__Assigned task__
Only the lines below from the one with "Philips Sonicare Aufsteckbürsten" through the one with "Dolce & Gabbana Zipped Wallet - Black 財布" are to be written out, exactly and without any images.

__Provided records__
Start of Block

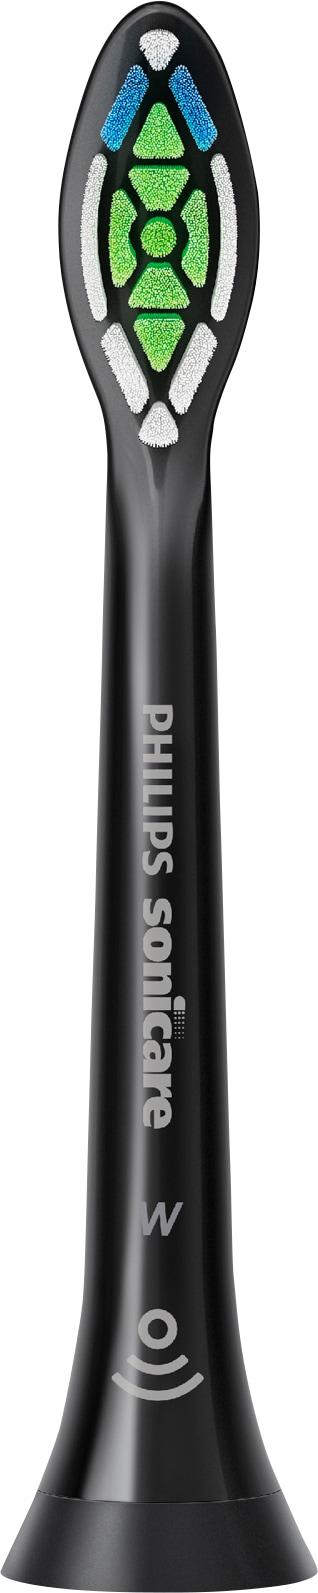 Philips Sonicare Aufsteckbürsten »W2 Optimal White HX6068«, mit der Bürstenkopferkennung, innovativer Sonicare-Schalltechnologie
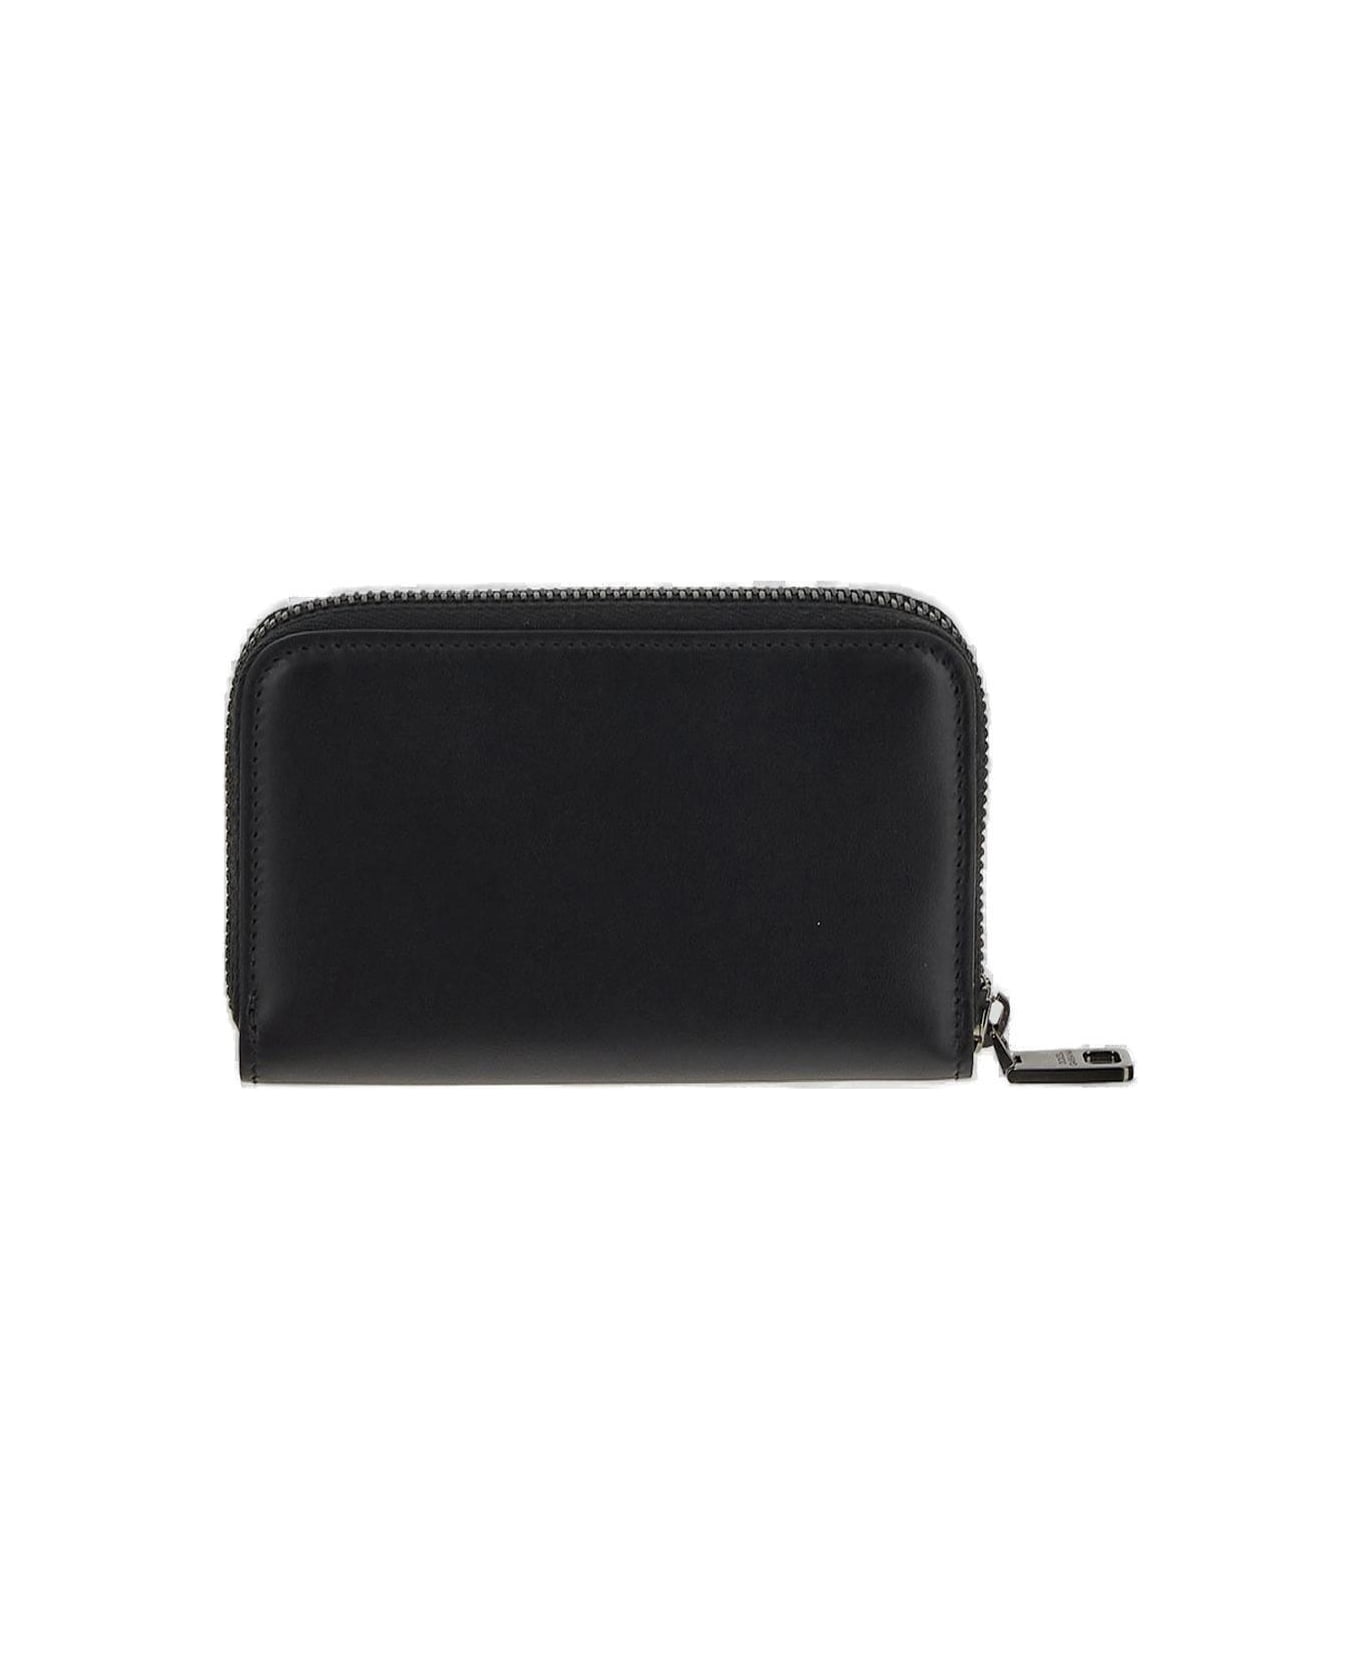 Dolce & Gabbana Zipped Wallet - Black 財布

End of Block
Start of Block

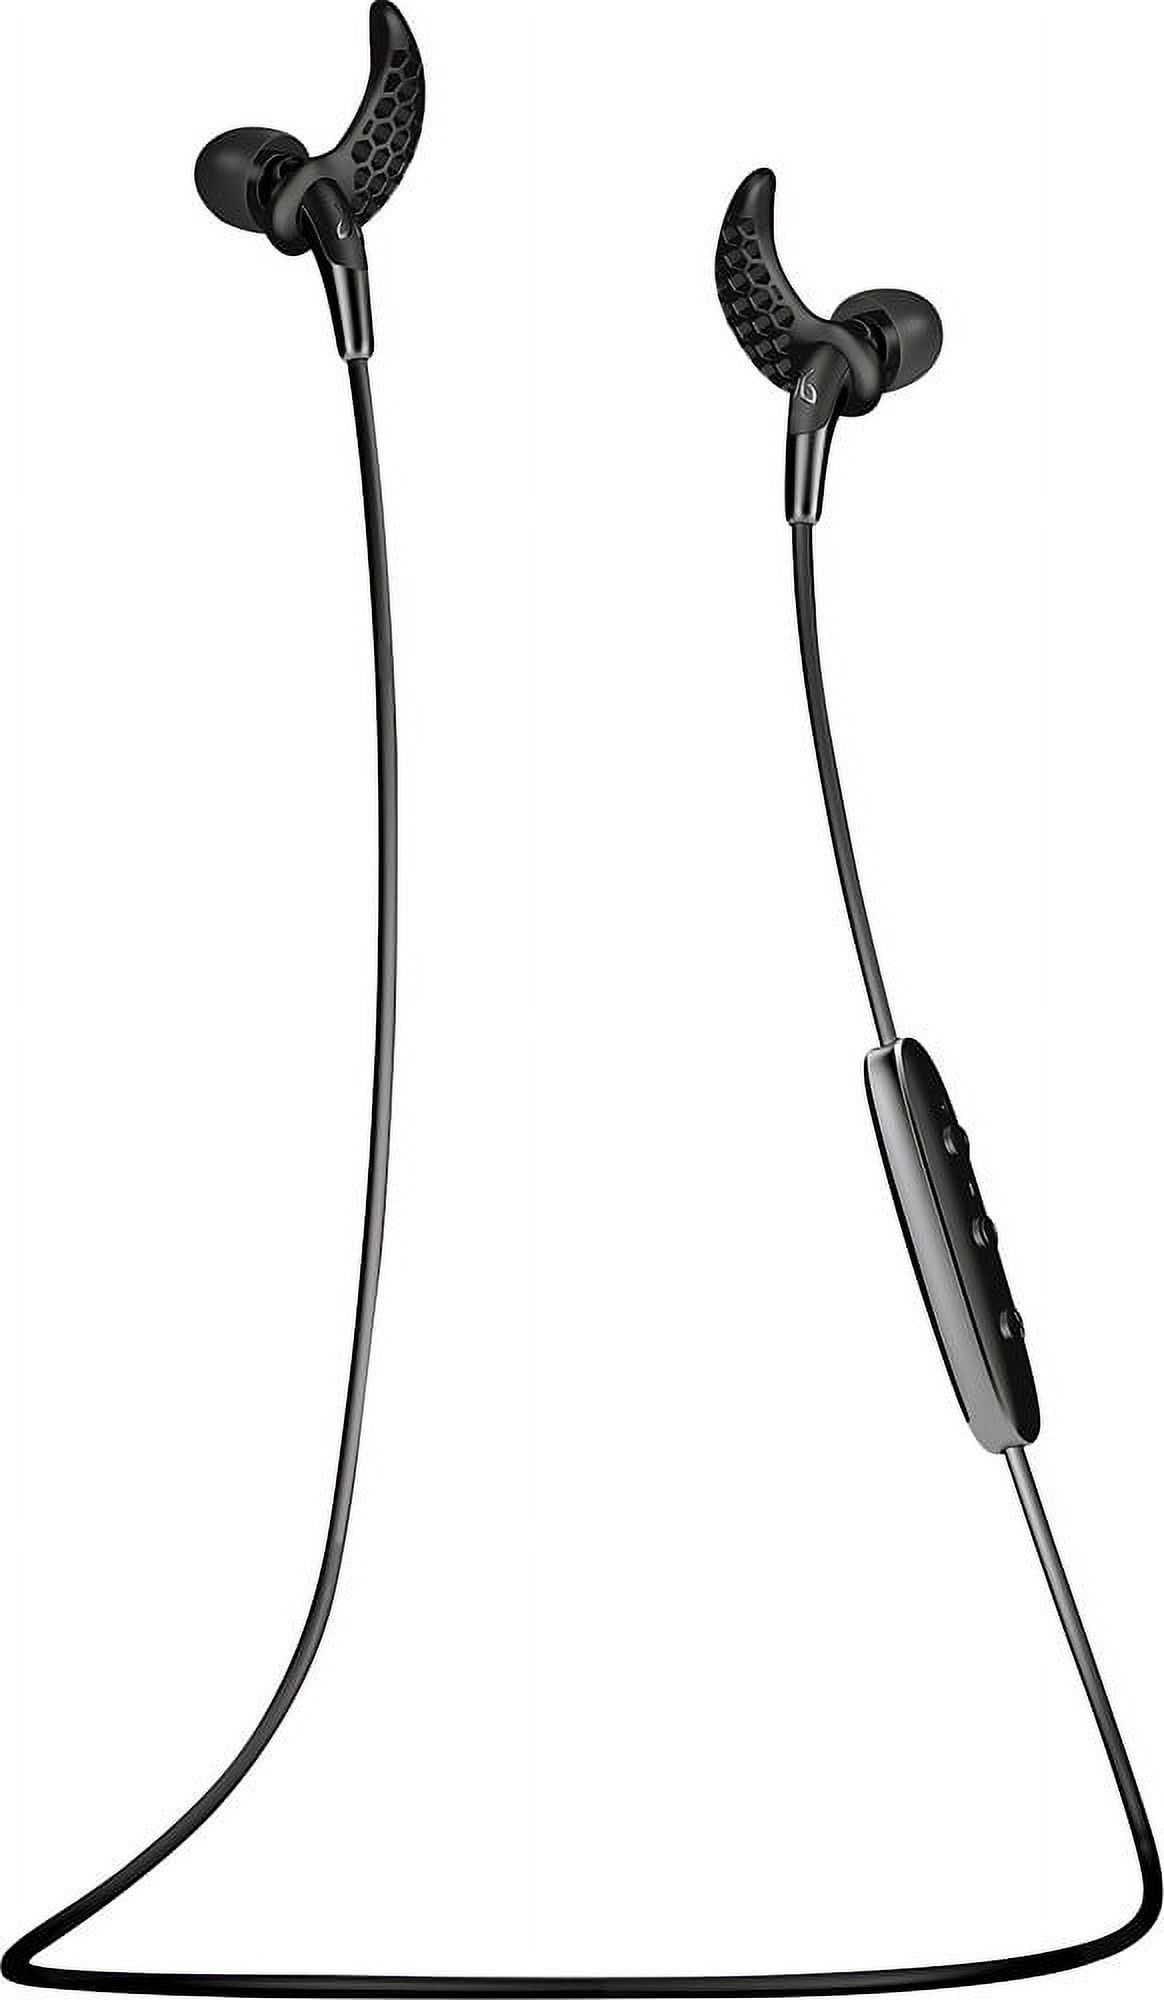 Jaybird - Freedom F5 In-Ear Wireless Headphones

End of Block

__Solved exercise__
 Philips Sonicare Aufsteckbürsten »W2 Optimal White HX6068«, mit der Bürstenkopferkennung, innovativer Sonicare-Schalltechnologie
 Dolce & Gabbana Zipped Wallet - Black 財布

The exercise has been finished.